Is there any function $f:\mathbb R \rightarrow \mathbb R$ such that it is only continuous at rational numbers?

Question

Is there any function $$f:\mathbb R \rightarrow \mathbb R$$ such that it is only continuous at rational numbers?

Answer 1

No. The reason is that the points of continuity of a function form a $G_\delta$ set, i.e. the intersection of a countable collection of open sets. This can be seen by writing it as the intersection of $U_m$ for all positive integers $m$, where x is in $U_m$ if there is some $\epsilon > 0$ such that for all $y$ and $z$ in the interval $(x-\epsilon,x+\epsilon)$, $|f(y)-f(z)| < 1/m$. $U_m$ is an open set. As a consequence of the Baire Category Theorem, the rational numbers are not a $G_\delta$.

Answer 2

You ask if there is a function that is only continuous at rational numbers. The function $$ f(x) = \begin{cases}x & \text{if } x \text{ is rational} \\ -x & \text{if } x \text{ is irrational} \end{cases} $$ is only continuous at $0$. So it is only continuous at rational numbers.

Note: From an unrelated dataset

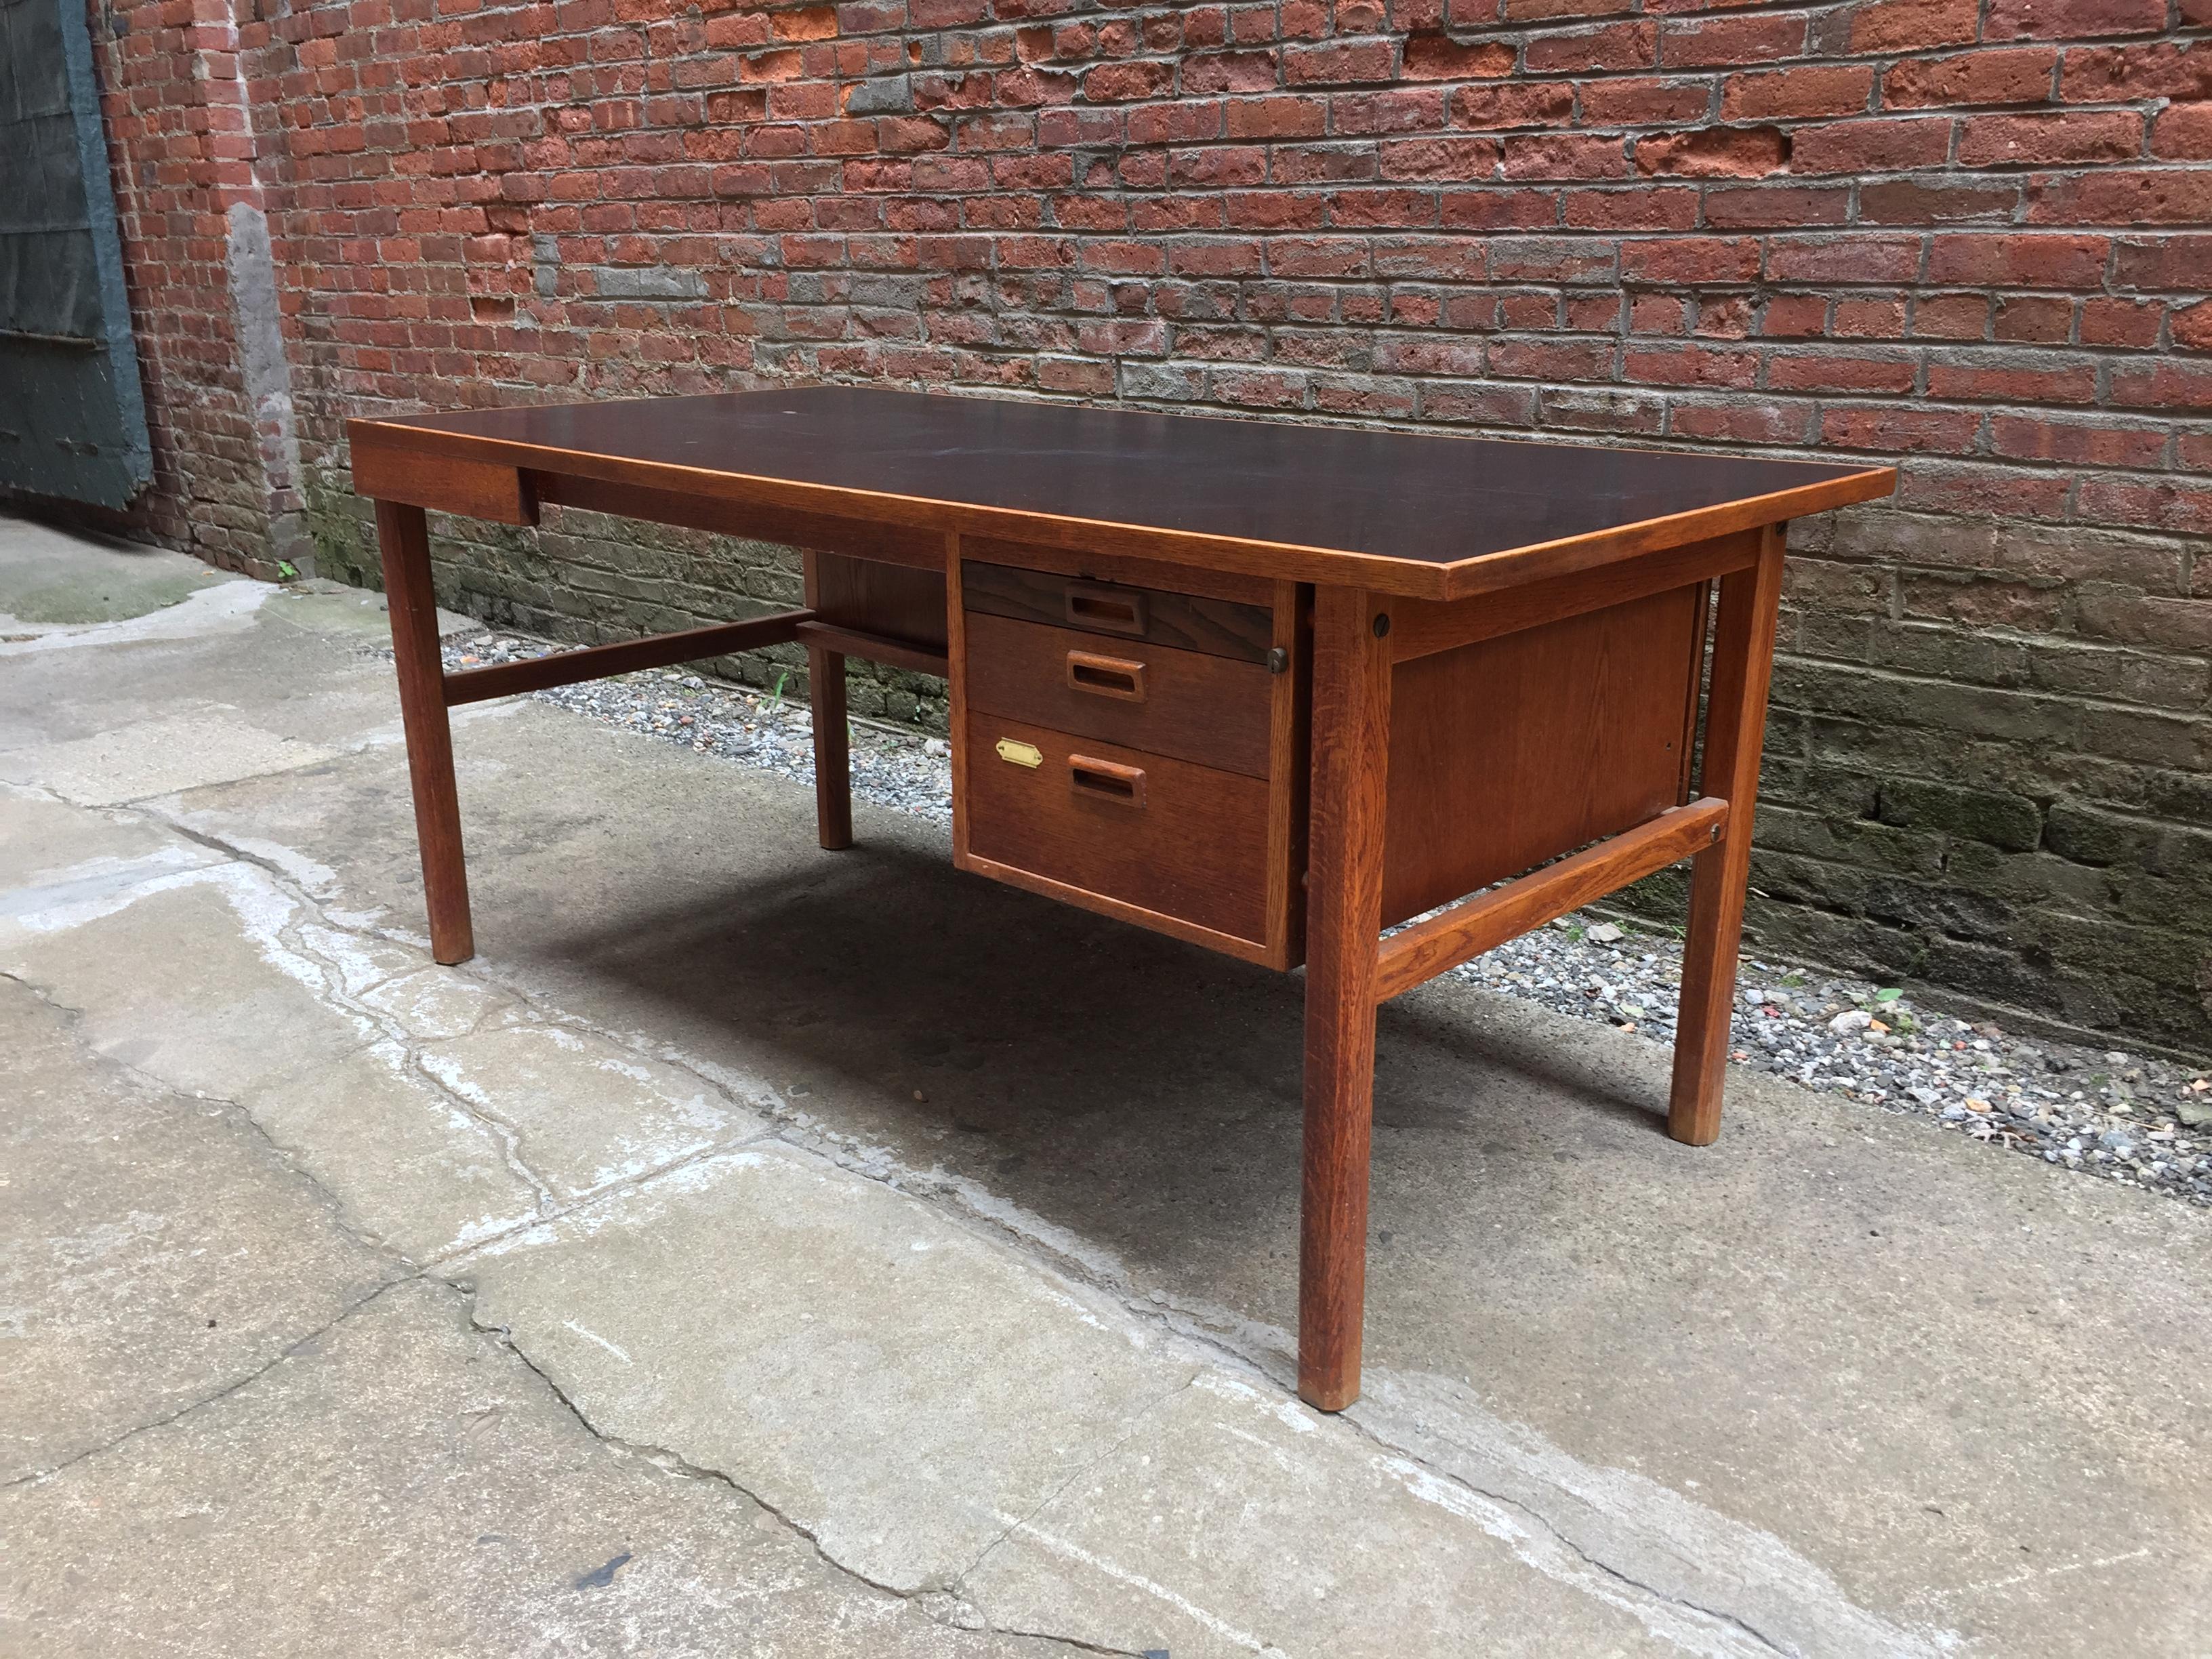 Solid oak frame with a black laminate top. Beautiful old growth tight grain. Three graduated drawers with many options due to the size of the flat surface, circa 1960. Original finish. Good condition with some minor light scratches on the black
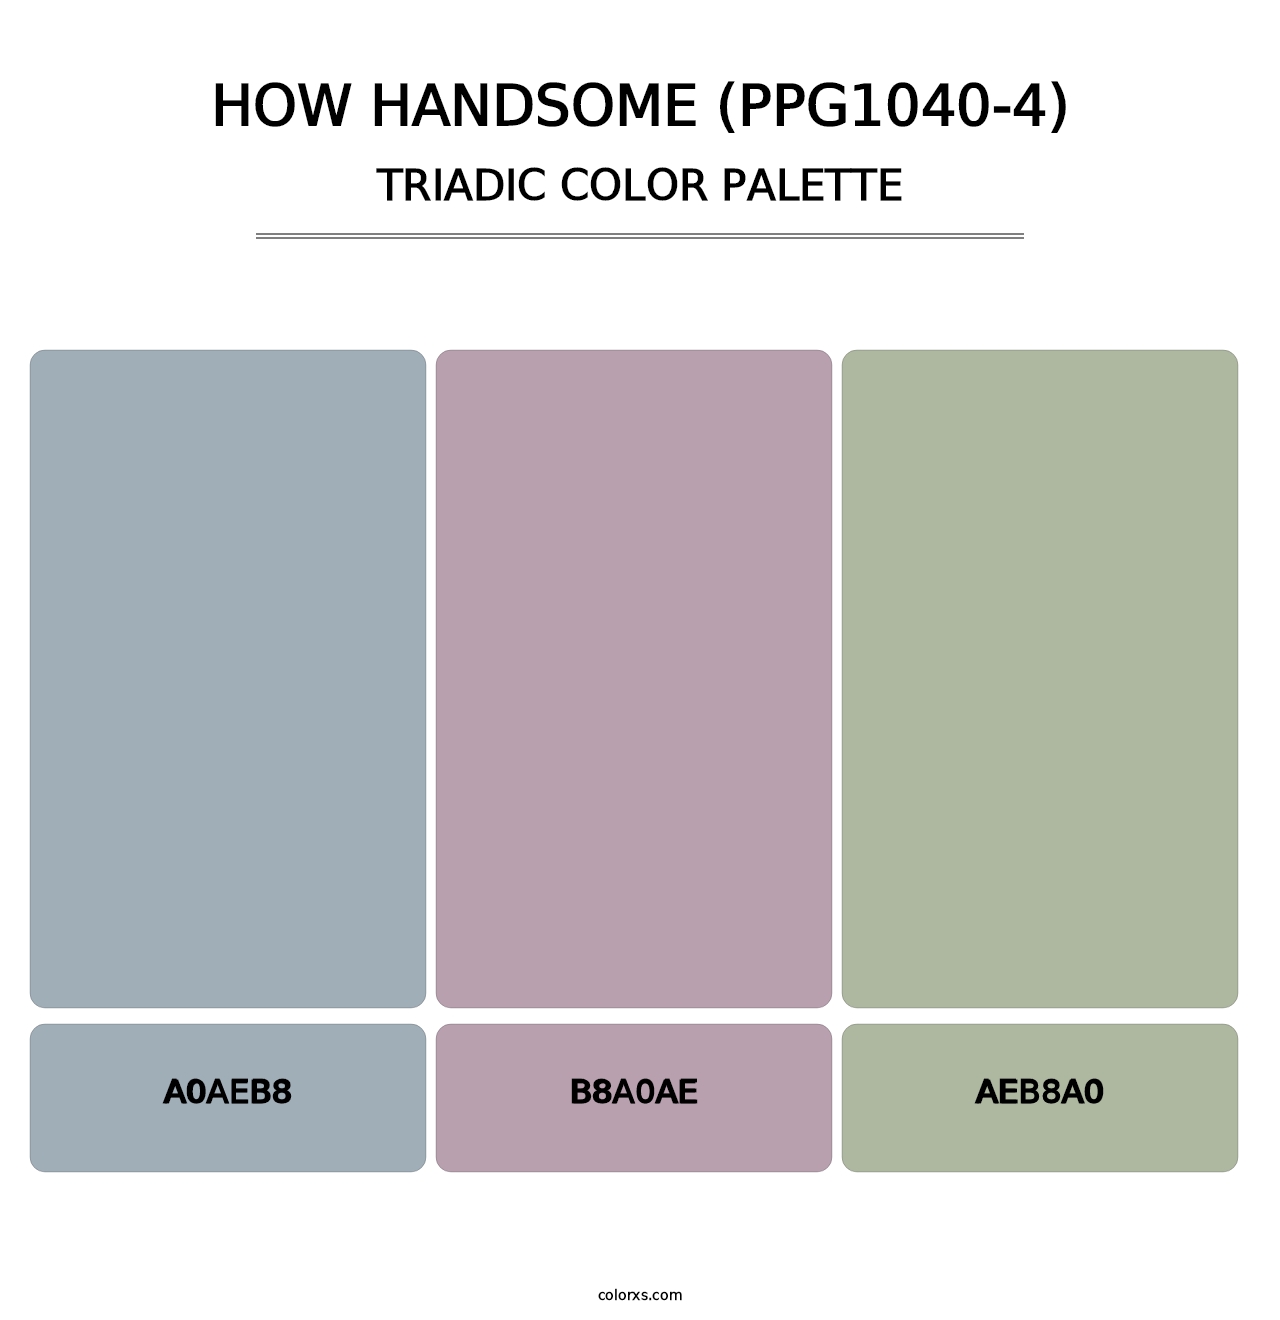 How Handsome (PPG1040-4) - Triadic Color Palette

Now, if you meant to ask whether there is a function with domain the real numbers that is continuous at exactly all the rational numbers and discontinuous anywhere else, then no such function exists. The other answers give you reasons for this.

Answer 3

No, there is no function $f:\mathbb{R} \rightarrow \mathbb{R}$ that is only continuous at the rational numbers. The set of discontinuities must be an $F_{\sigma}$ set, which the irrationals are not.
If you change the question and ask about a function that is only continuous at the irrational numbers, then the answer is yes. Consider Thomae's function $f(x)=\begin{cases} \frac{1}{q} &\text{if }x\text{ is rational, }x=\tfrac{p}{q}\text{ in lowest terms and } q > 0\\ 0 &\text{if }x\text{ is irrational.} \end{cases}$